# BFK Sting Ray



## dean724 (Nov 7, 2014)

Just had a black BFK sting ray given to me......its got the dreaded chinese chrome probs.....but is all there.........what ya'll think....fix and restore.....part out and forget or just do a low buck fix up and sell it as is?


----------



## Freqman1 (Nov 7, 2014)

Bring it to MLC next Spring and we'll sacrifice it in the bonfire! Seriously I'd not waste any time (or money) on it and try to sell as is. V/r Shawn


----------



## pedal4416 (Nov 7, 2014)

I added original stingray parts to one of mine and made it really nice (was fresh out the box too) and I couldn't even give it away at copake. They make great bar hop bikes!


----------



## Jeff54 (Nov 7, 2014)

dean724 said:


> Just had a black BFK sting ray given to me......its got the dreaded chinese chrome probs.....but is all there.........what ya'll think....fix and restore.....part out and forget or just do a low buck fix up and sell it as is?

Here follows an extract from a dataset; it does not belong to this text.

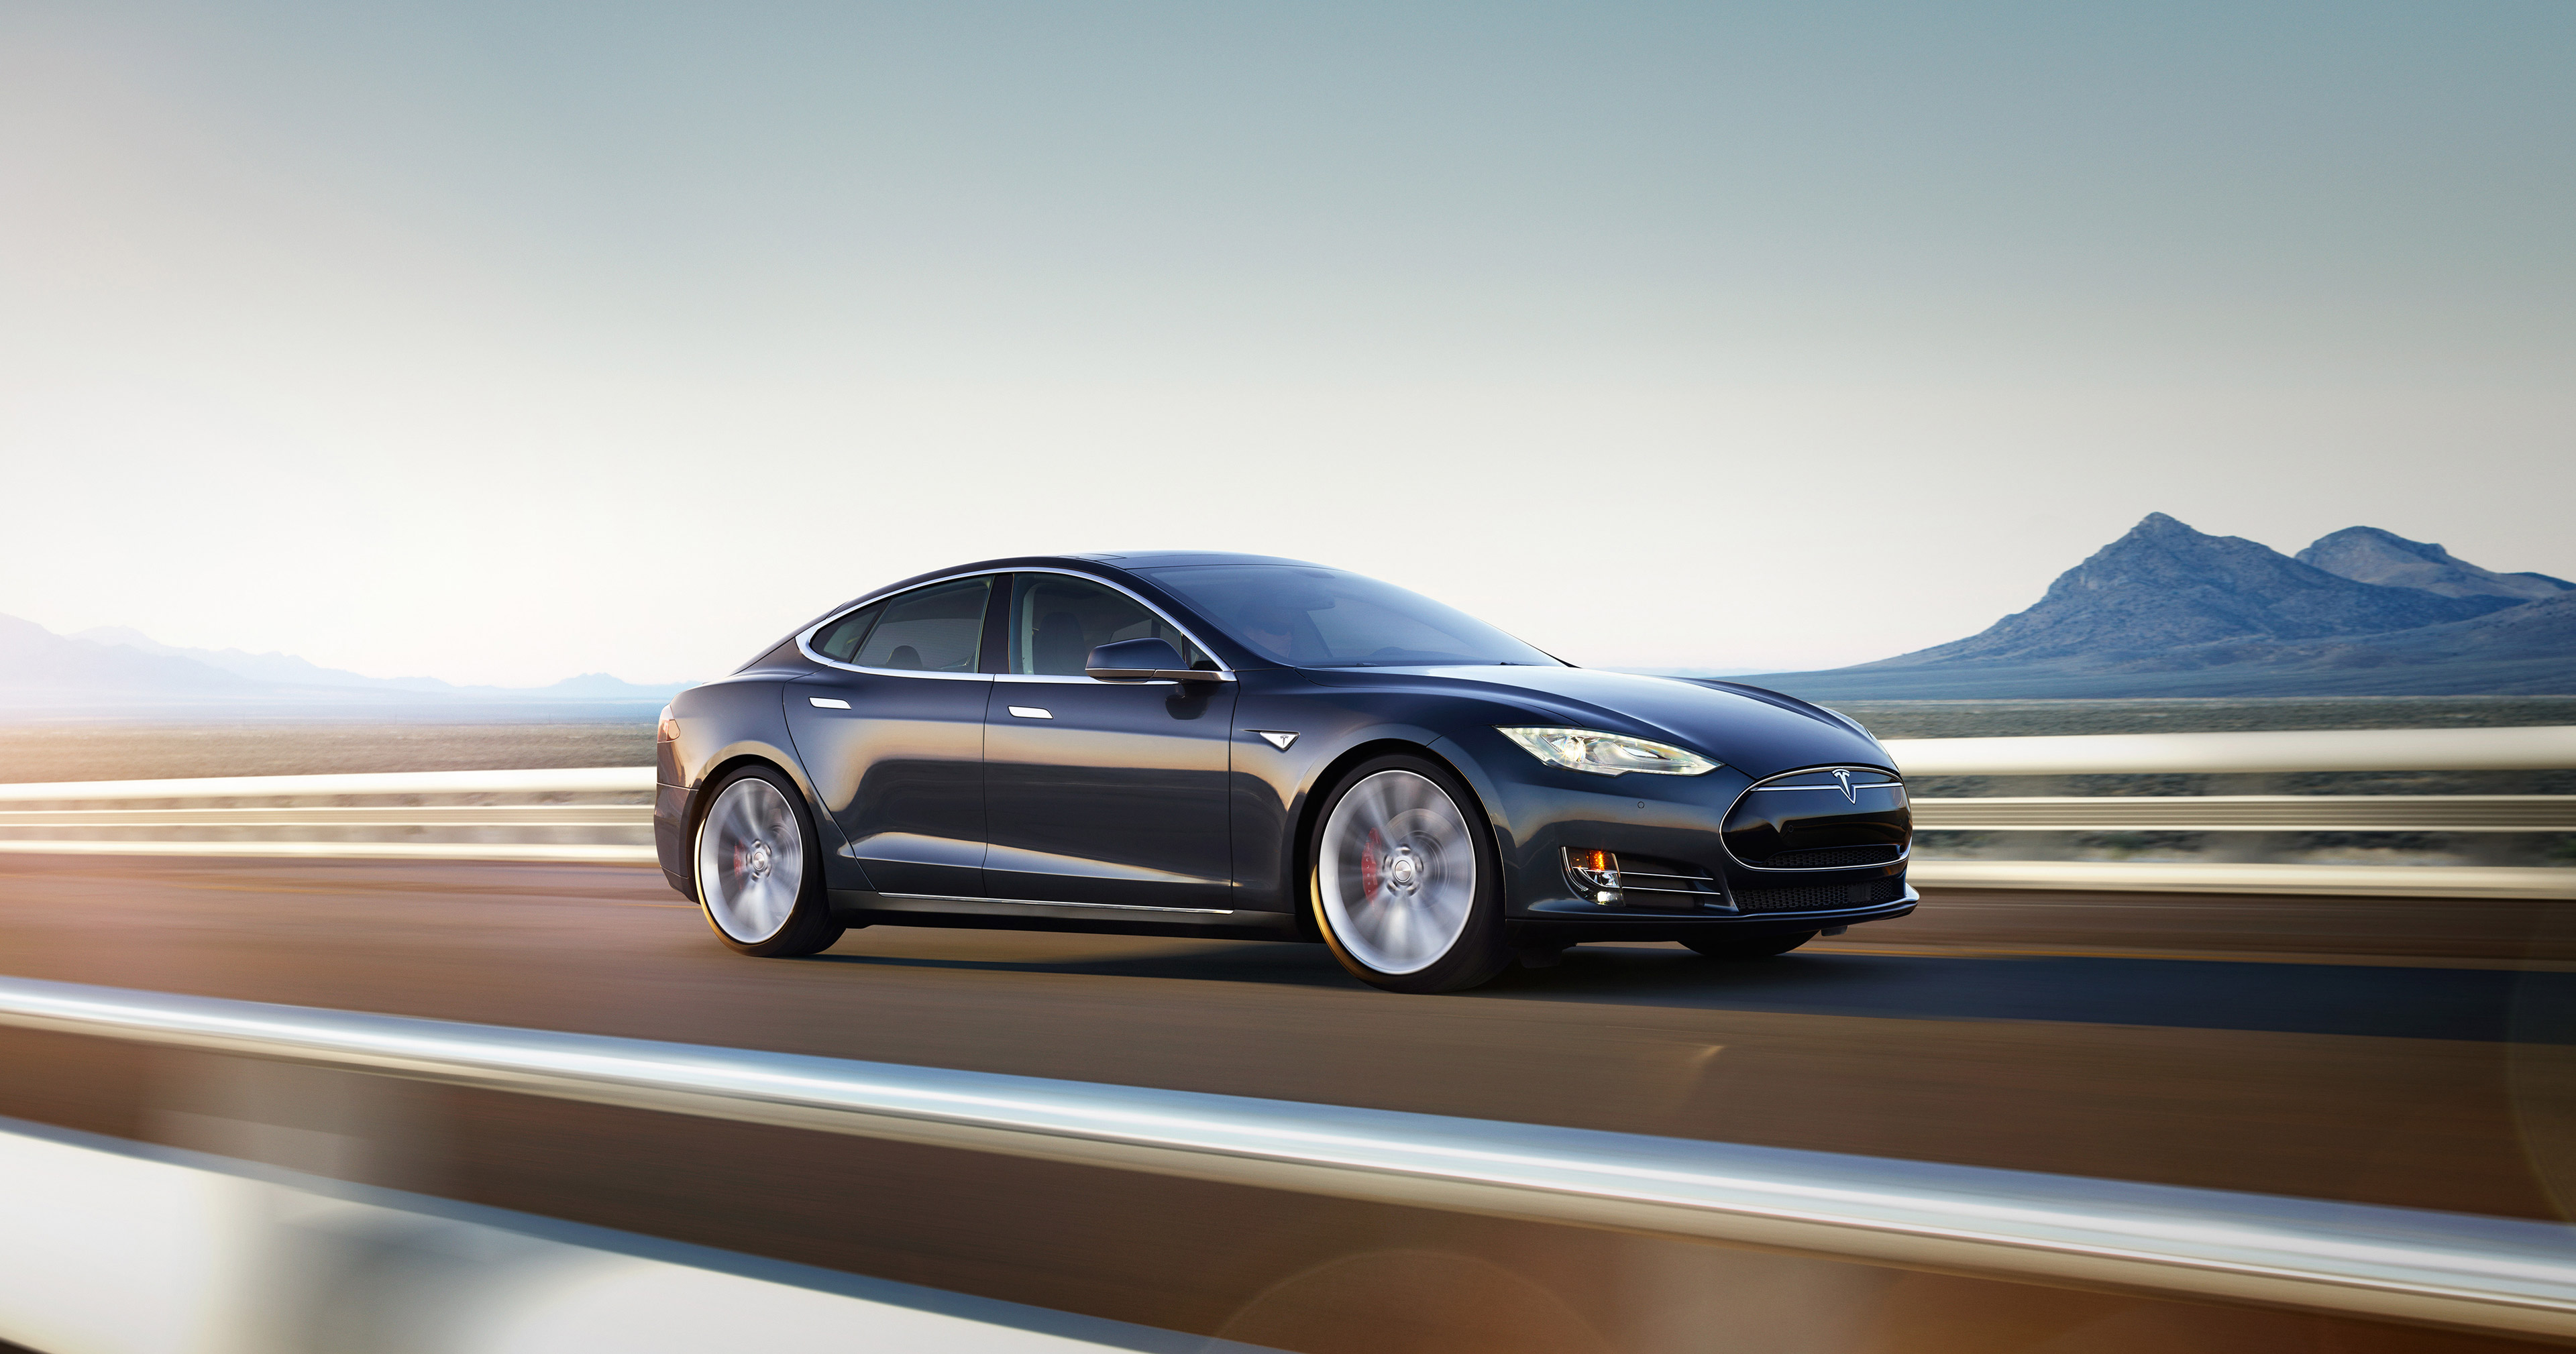 Immagine pubblicata in relazione al seguente contenuto: Apple ha in corso un progetto per la realizzazione di un'auto elettrica | Nome immagine: news22224_Tesla-Dual-Motor-S_1.jpg

There were two Black Friday's on my local Craig's list, the pair for 50 bucks. the guy clamed he'd had them for over 6-7 years and were as is, total rust buckets!. Of course I double checked his answer, "6-7 years are you sure? ", because he said they'd been stored inside and had all that rust the day he got them.. It sounded true, and dam, what crap it was!.. Operational, the day before I looked at em his boy painted one. Used the good tires and tubes of the two, and actually for 20-25 bucks, a working bike, totally house panted, wasn't too bad of a price.. 
FOR SOMEBODLY ELSE!.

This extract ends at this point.